**PROBLEM STATEMENT**
The required output is the exact run of lines below that opens at the line with "18+ Gum paste" and closes at the line with "Pinheather Adams On".

(Data entries)
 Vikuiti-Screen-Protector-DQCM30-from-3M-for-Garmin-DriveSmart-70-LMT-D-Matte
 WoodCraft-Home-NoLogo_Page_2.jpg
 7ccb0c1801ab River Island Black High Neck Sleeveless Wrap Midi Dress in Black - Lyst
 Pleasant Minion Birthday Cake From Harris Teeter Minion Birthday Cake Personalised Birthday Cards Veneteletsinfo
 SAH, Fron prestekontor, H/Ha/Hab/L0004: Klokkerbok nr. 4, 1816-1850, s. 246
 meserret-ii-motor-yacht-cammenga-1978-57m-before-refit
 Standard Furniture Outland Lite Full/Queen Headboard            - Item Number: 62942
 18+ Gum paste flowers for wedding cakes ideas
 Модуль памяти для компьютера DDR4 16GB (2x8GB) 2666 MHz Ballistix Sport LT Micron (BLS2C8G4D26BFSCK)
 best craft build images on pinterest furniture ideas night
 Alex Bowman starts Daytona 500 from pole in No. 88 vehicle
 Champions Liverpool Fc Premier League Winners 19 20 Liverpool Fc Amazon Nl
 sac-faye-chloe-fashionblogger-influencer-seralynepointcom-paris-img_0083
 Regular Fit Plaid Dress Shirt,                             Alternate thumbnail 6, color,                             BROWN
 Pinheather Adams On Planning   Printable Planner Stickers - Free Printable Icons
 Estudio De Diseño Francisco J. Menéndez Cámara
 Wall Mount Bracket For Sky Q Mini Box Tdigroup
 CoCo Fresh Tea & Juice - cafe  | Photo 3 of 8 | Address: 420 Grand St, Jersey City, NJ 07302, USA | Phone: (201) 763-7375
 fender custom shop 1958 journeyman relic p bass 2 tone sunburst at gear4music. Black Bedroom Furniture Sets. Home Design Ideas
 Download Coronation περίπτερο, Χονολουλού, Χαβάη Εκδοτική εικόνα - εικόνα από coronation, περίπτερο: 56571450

**SOLUTION FOR THIS PROBLEM**
 18+ Gum paste flowers for wedding cakes ideas
 Модуль памяти для компьютера DDR4 16GB (2x8GB) 2666 MHz Ballistix Sport LT Micron (BLS2C8G4D26BFSCK)
 best craft build images on pinterest furniture ideas night
 Alex Bowman starts Daytona 500 from pole in No. 88 vehicle
 Champions Liverpool Fc Premier League Winners 19 20 Liverpool Fc Amazon Nl
 sac-faye-chloe-fashionblogger-influencer-seralynepointcom-paris-img_0083
 Regular Fit Plaid Dress Shirt,                             Alternate thumbnail 6, color,                             BROWN
 Pinheather Adams On Planning   Printable Planner Stickers - Free Printable Icons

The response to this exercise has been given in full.